- Problem description -
When you find the line with "Defiant bandsmen showed" among the records below, reproduce it and each line after it exactly, ending with the line with "A white cat".

- Task material -
┌────────
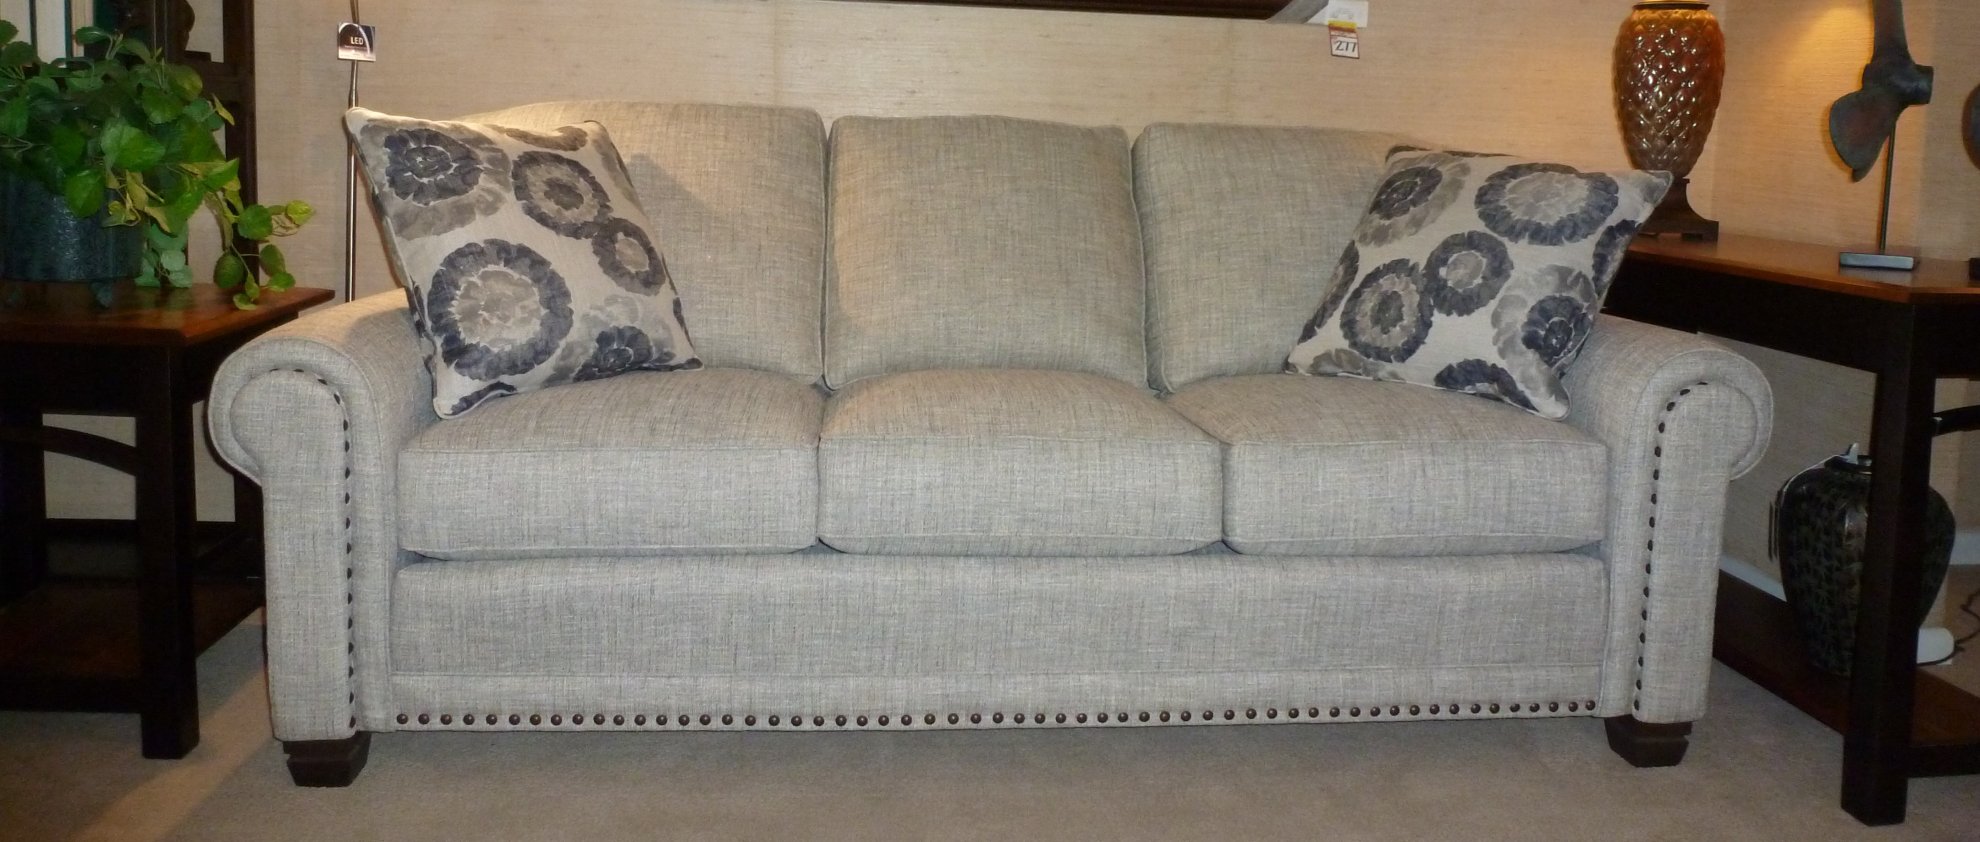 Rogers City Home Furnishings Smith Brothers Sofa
└────────
┌────────
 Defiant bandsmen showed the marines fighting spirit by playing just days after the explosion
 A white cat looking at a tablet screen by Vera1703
└────────
┌────────
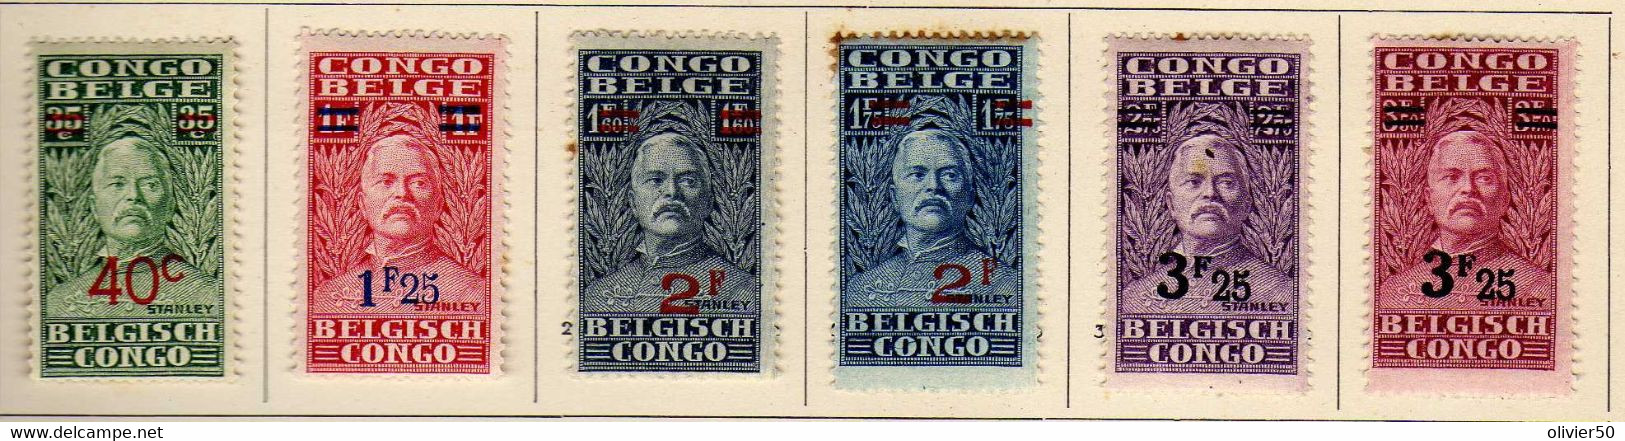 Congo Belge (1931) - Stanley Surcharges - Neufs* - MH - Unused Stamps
└────────
- Task answer -
 Defiant bandsmen showed the marines fighting spirit by playing just days after the explosion
 A white cat looking at a tablet screen by Vera1703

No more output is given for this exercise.